Kenya and 18 other countries from Eastern, Southern and Northern Africa have intensified plans to establish a joint regional shipping line, in a move aimed at shielding their economies from global supply chain shocks and high commodity prices.

The states, meeting in Nairobi under the Maritime Organisation for Eastern, Southern and Northern Africa (MOESNA), are reviewing draft feasibility studies on the proposed shipping line. They are also examining a regional maritime cargo protocol that seeks to strengthen Africa’s control over its own maritime trade.

MOESNA Secretary-General Kassim Mpata said the initiative is intended to seal a long-standing gap in the region’s maritime capacity.
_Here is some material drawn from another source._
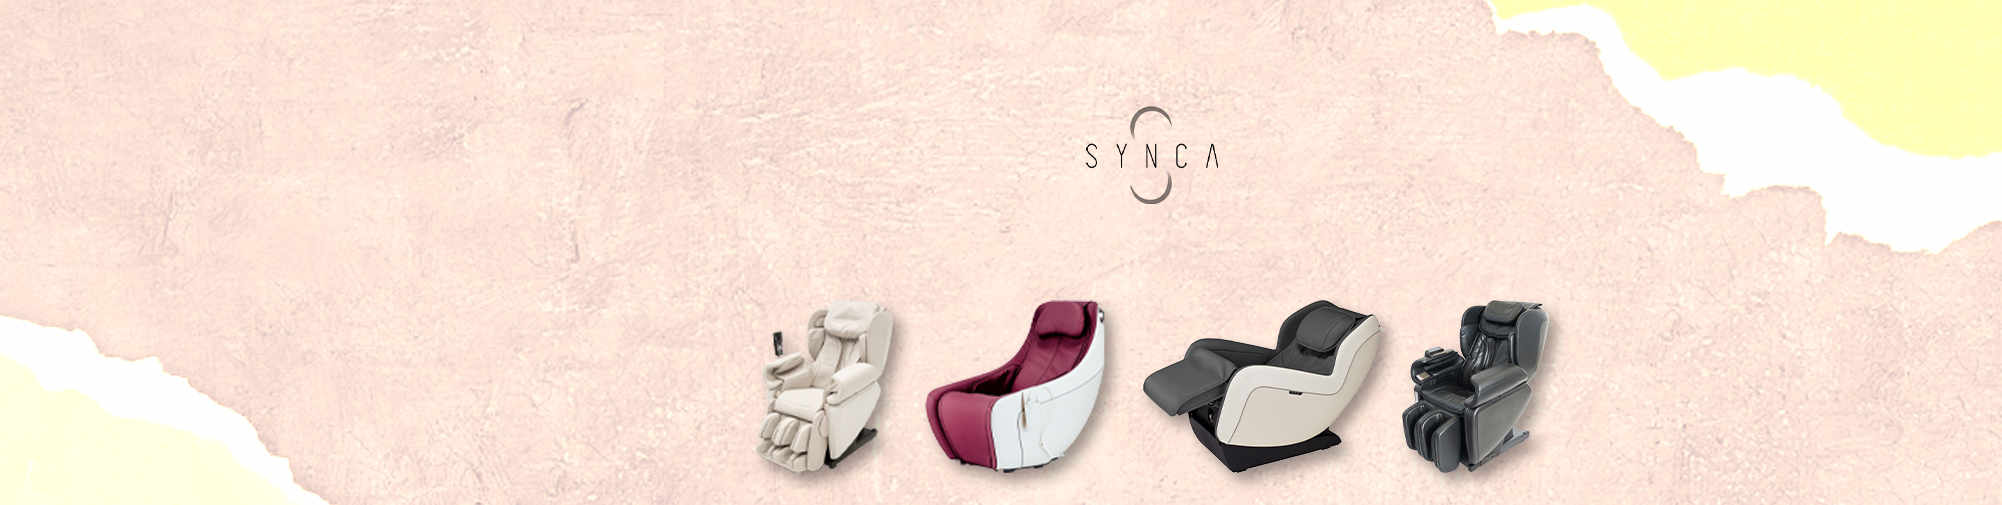 SYNCA - 获奖的保健品生产商 | 按摩椅世界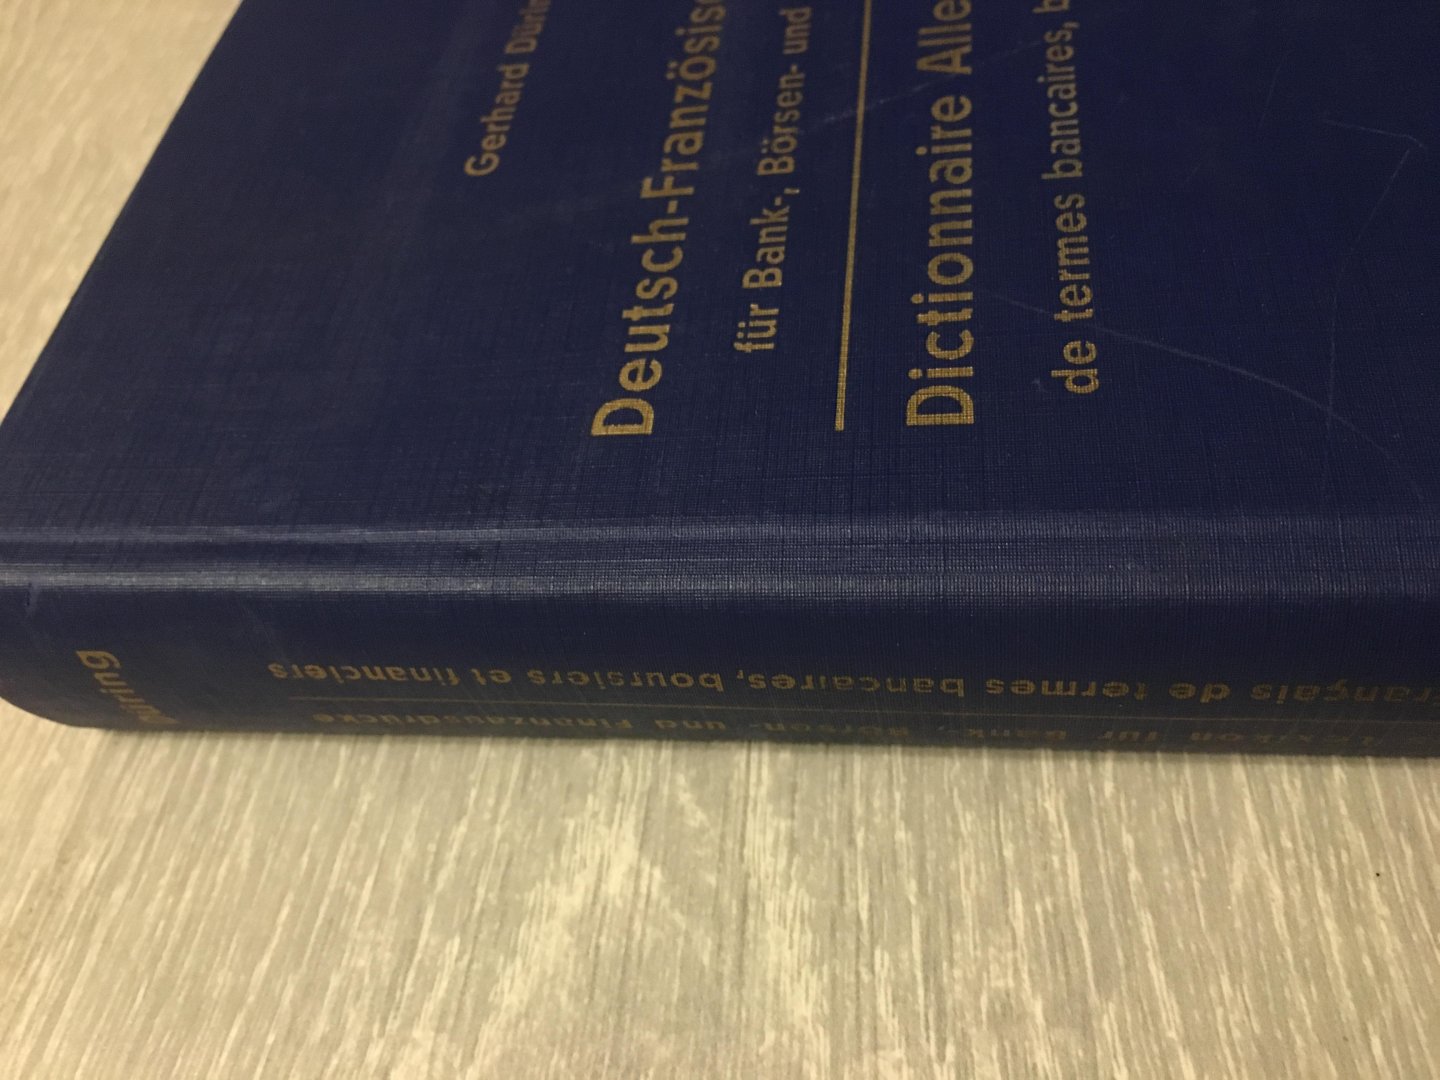 Düring, Gerhard - Deutsch-französisches Lexikon Für Bank-, Börsen- Und Finanzausdrücke / Dictionnaire Allemand-français De Termes Bancaires, Boursiers Et Financiers

He noted that nearly 90 per cent of Africa’s international trade is transported by sea, yet the continent continues to suffer from weak intra-regional maritime connectivity.

“This joint shipping line will enhance our ability to manage maritime trade competitively and reduce dependency on foreign vessels,” Mpata said.

Principal Secretary in the State Department for Shipping and Maritime Affairs, Aden Millah, emphasised that heavy reliance on foreign shipping lines has constrained regional trade and left African economies vulnerable to unpredictable freight pricing.

He said the proposed regional shipping line will not only stabilise shipping costs but also support the growth of local maritime sectors, enhance cargo efficiency, and improve overall trade competitiveness across the participating states.

The ongoing discussions in Nairobi mark a significant step toward establishing one of Africa’s most ambitious maritime cooperation initiatives, expected to reshape trade flows and boost economic resilience across the continent.